Primary indication and mechanism

Serotonin reuptake inhibition — paroxetine binds the serotonin transporter (SERT, slc6a4) with high affinity (Ki ~0.13 nM in some assays — among the most potent SERT-binders in the SSRI class). Inhibition prevents presynaptic 5-HT reuptake, increasing synaptic serotonin concentration. Therapeutic effect emerges over 2–6 weeks via downstream receptor and circuit adaptations (5-HT1A autoreceptor desensitization, BDNF upregulation, hippocampal neurogenesis ²).

FDA-approved indications:

Major depressive disorder
Generalized anxiety disorder
Social anxiety disorder
Panic disorder
Obsessive-compulsive disorder
Post-traumatic stress disorder
(Brisdelle formulation: vasomotor symptoms of menopause)

Off-label uses include premature ejaculation, migraine prophylaxis, and various other anxiety-spectrum conditions.

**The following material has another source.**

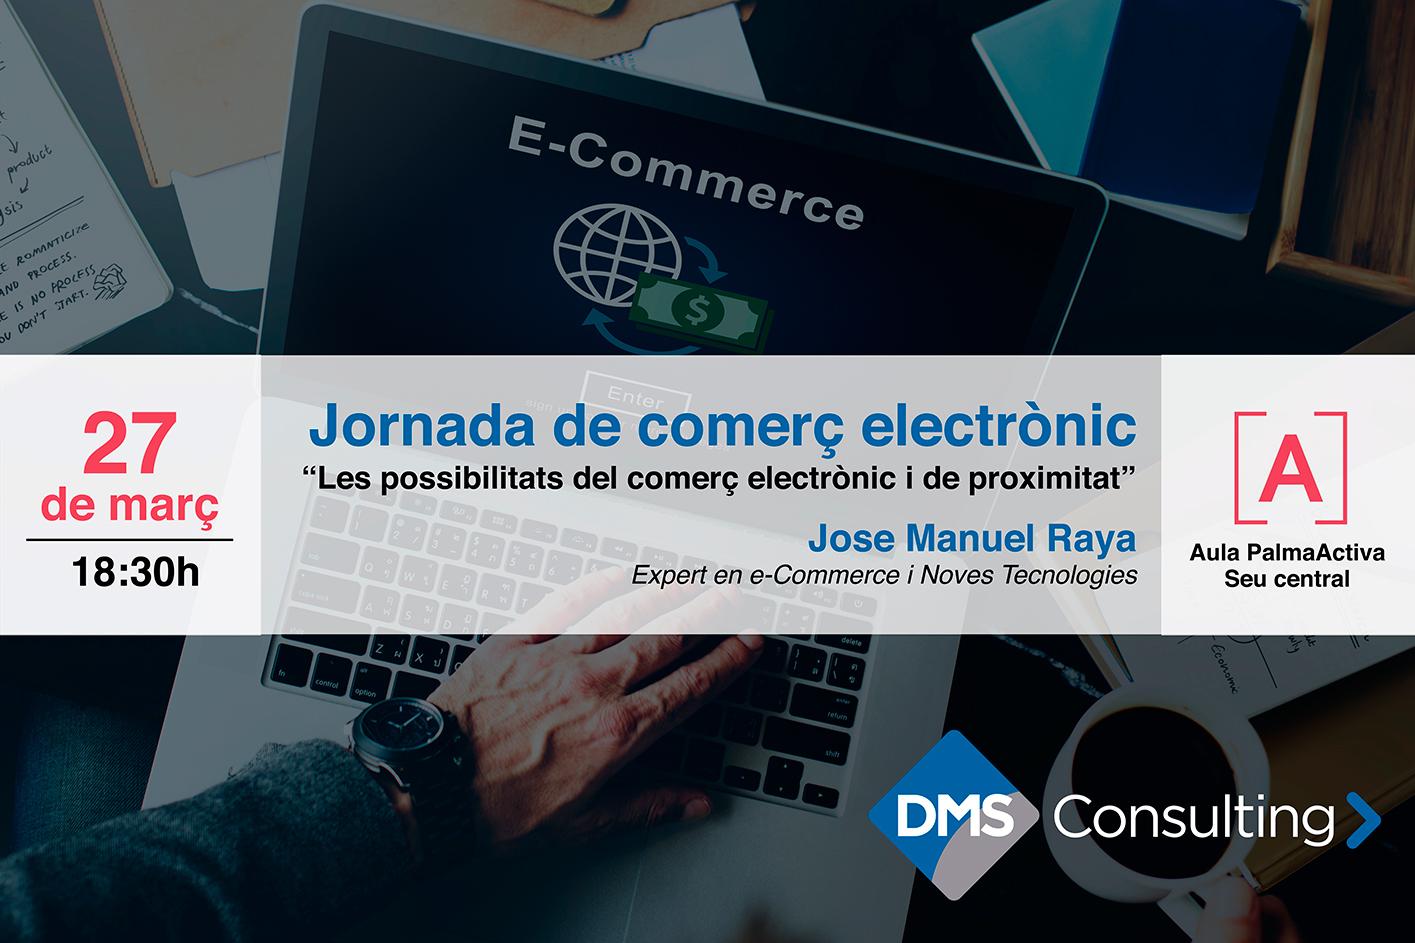 Jornada de comerç electrònic impartida per Jose Manuel Raya a PalmaActiva

Off-target mechanism: FIASMA / acid sphingomyelinase inhibition

Paroxetine is a Functional Inhibitor of Acid Sphingomyelinase (FIASMA) ¹. The FIASMA class — characterized by Kornhuber et al. — comprises weakly basic, lipophilic compounds that accumulate in the acidic lysosomal compartment, where they functionally inhibit acid sphingomyelinase (ASM, asm, encoded by SMPD1). The mechanism is not direct active-site binding but rather lysosomal accumulation displacing ASM from the inner lysosomal membrane.

Other prominent FIASMAs include fluoxetine, sertraline, amitriptyline, desipramine, and chloroquine. Paroxetine is among the more potent FIASMAs in the SSRI class.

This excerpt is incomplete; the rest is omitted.